To present an example of how this process works, if we discover a C-M-O configuration (e.g. Clinical Setting – Capability – Smoking Cessation Outcome) within an intervention, there must be at least two other interventions with this C-M-O configuration to allow for further analysis. In this hypothetical example, if we have a total of ten interventions that have ‘Clinical Setting-Capability-Smoking Cessation Outcome’ configuration, we then have to determine what percentage of these studies reported a statistically significant increase in smoking cessation. In order for this C-M-O configuration to be categorized as a demi-regularity, at least 60% of these interventions must report a statistically significant increase in long-term smoking cessation outcome (i.e. ≥5 months).
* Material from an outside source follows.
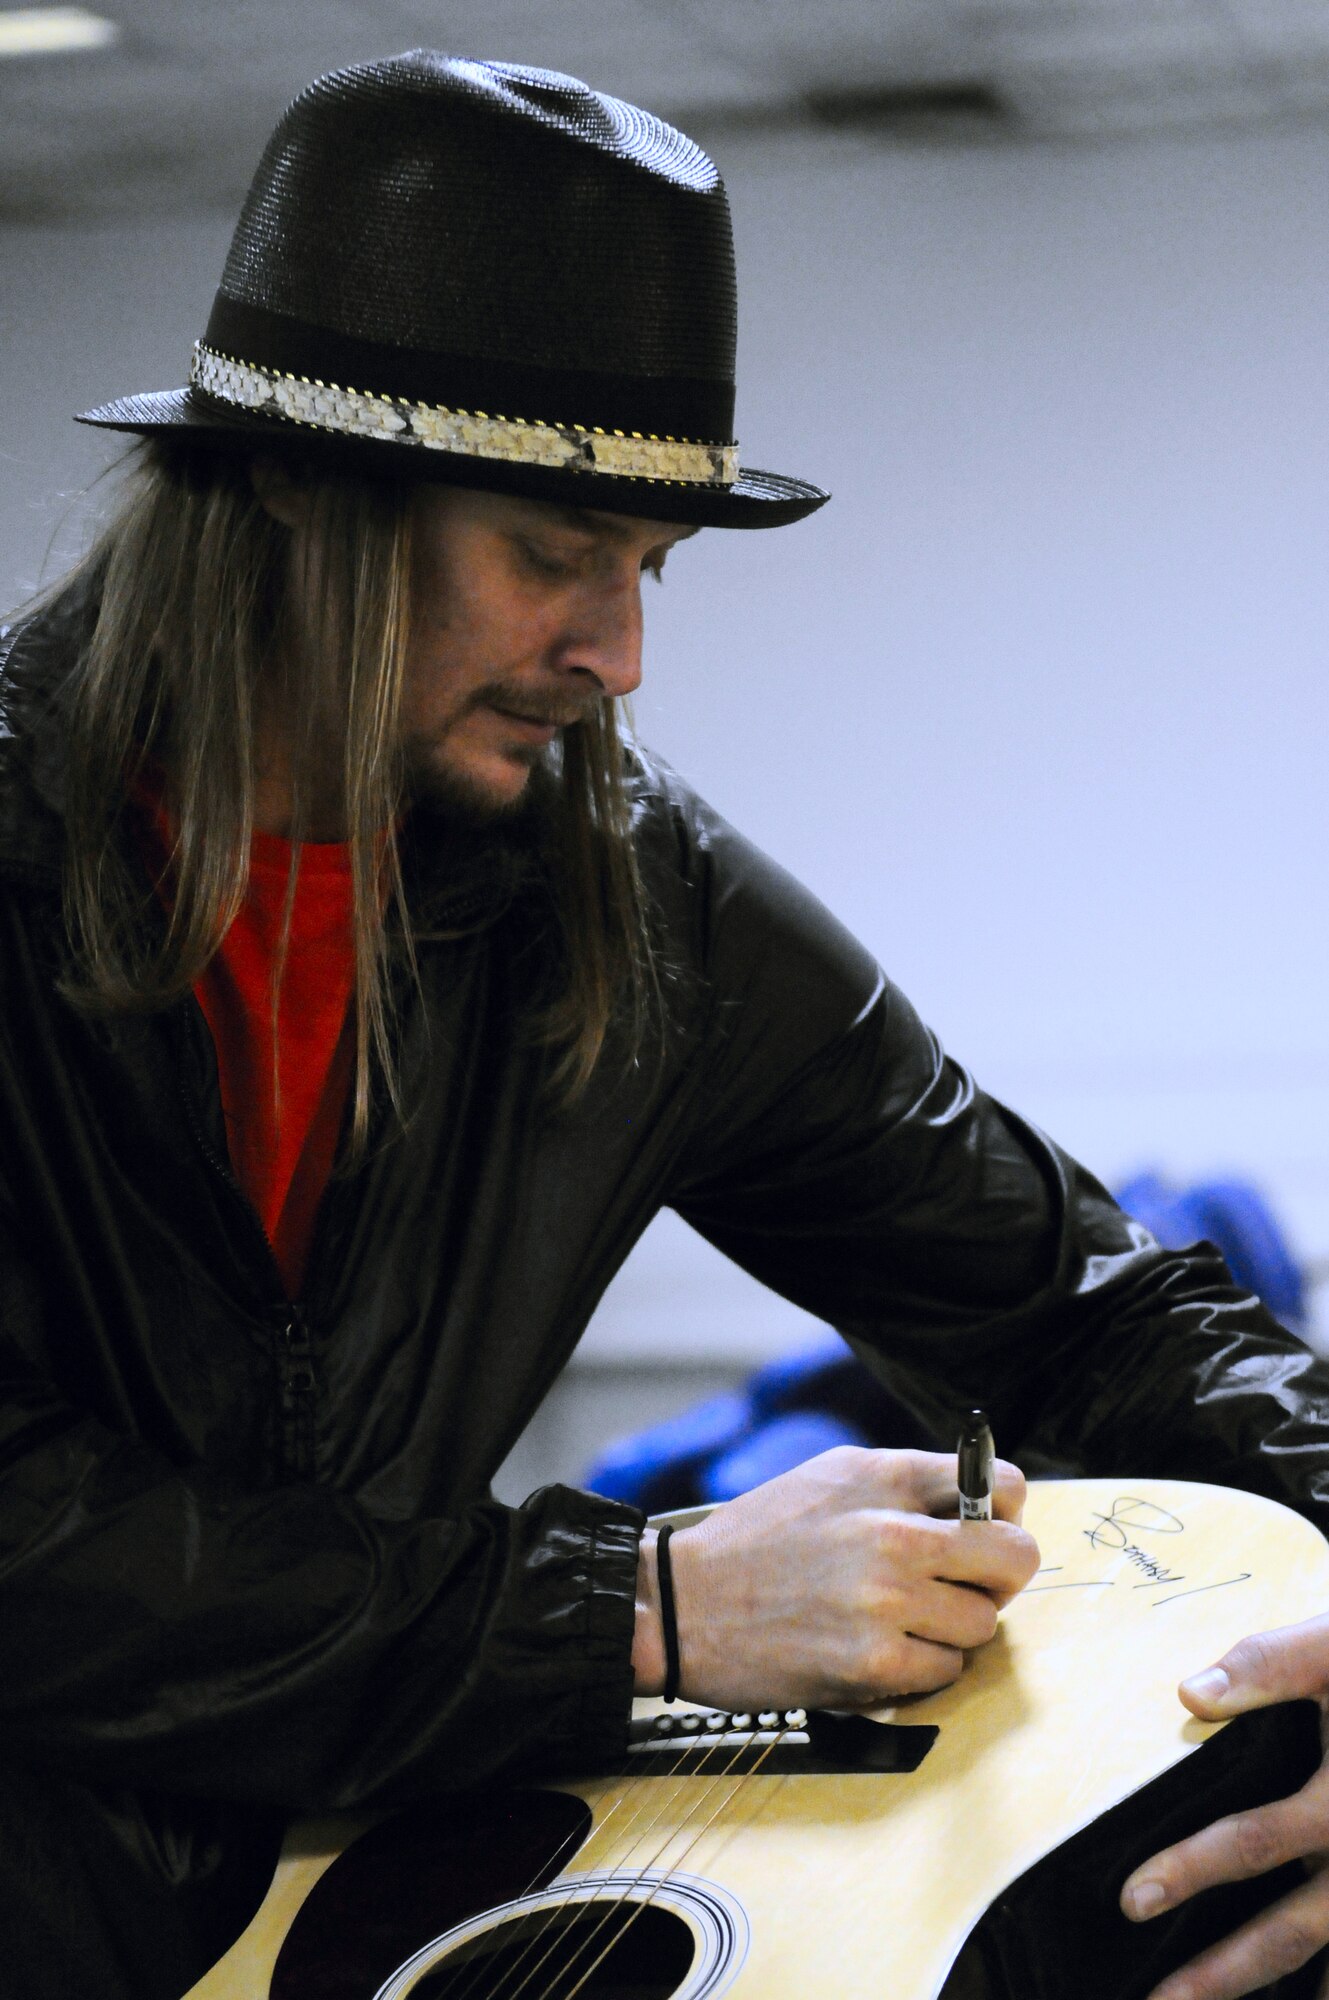 Kid Rock autographs an Airman's guitar while touring different units Nov. 30, 2009, at Incirlik Air Base, Turkey. Kid Rock and the Twisted Brown Truck Band, singer/songwriter Jessie James and comedian Carlos Mencia kicked off the tour making Incirlik their first stop to thank the troops. The three entertainers visited various places around the base including the 39th Security Forces Squadron, Incirlik’s American Forces Network studio and the 39th Force Support Squadron before putting on a free concert for members of the Incirlik community. (U.S. Air Force photo/Staff Sgt. Raymond Hoy)
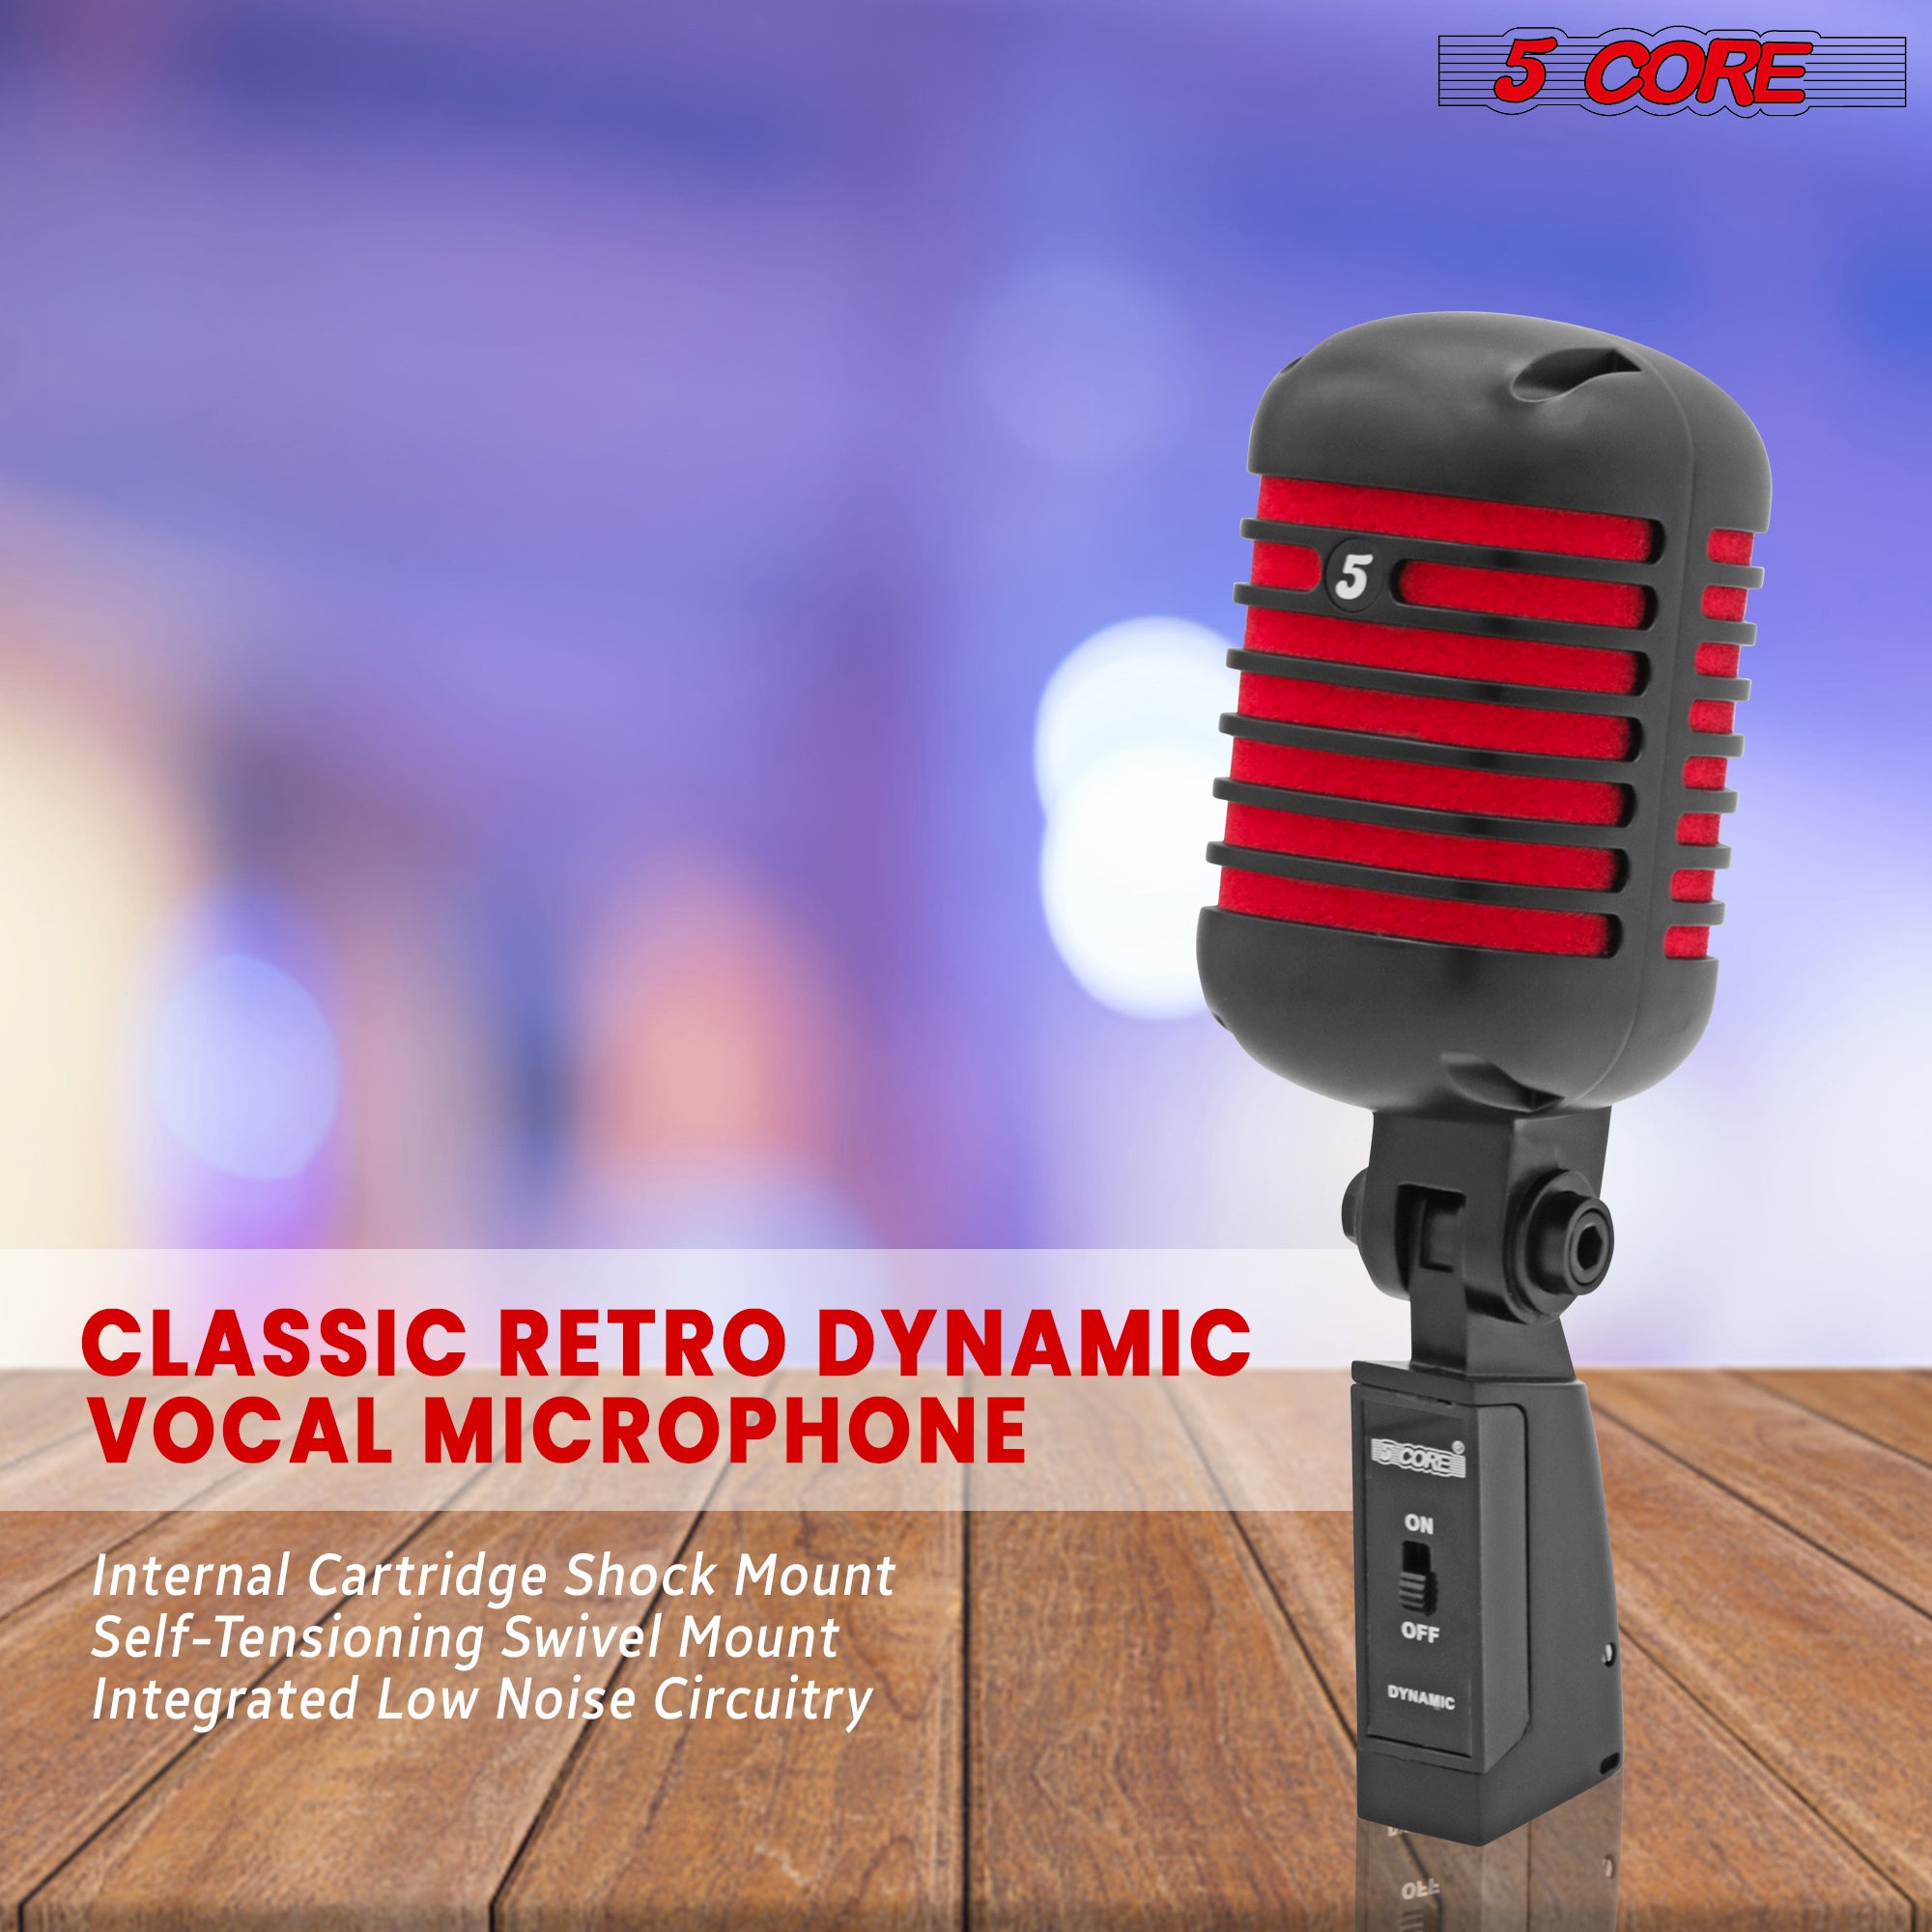 5 Core Classic Retro Dynamic Vocal Microphone Matte Black Red Old Vintage Style Unidirectional Professional Cardioid Mic for Instrument Live Performance Prop & Studio Recording -RTRO MIC CH BLK-RED

The demi-regularity in this case would be that interventions in clinical settings that target capability are more likely to lead to improvement in smoking cessation outcome. Alternatively, if ≤40% of the interventions reported a statistically significant increase in smoking cessation outcome, the demi-regularity would suggest that interventions in clinical settings that target capability are less likely to lead to improvements in smoking cessation outcomes.
In this paper, we analyzed demi-regularities in interventions that were rated four stars in our quality rating, used statistical analyses, and reported long-term smoking cessation outcomes (i.e. ≥5 months). We chose to only include those interventions with a four star rating as they have the least amount of bias. Once a demi-regularity was discovered, studies that had lower quality assessment scores (less than four stars), and/or did not perform statistical analyses were included in our pool for analysis to confirm if the previously observed demi-regularity persisted.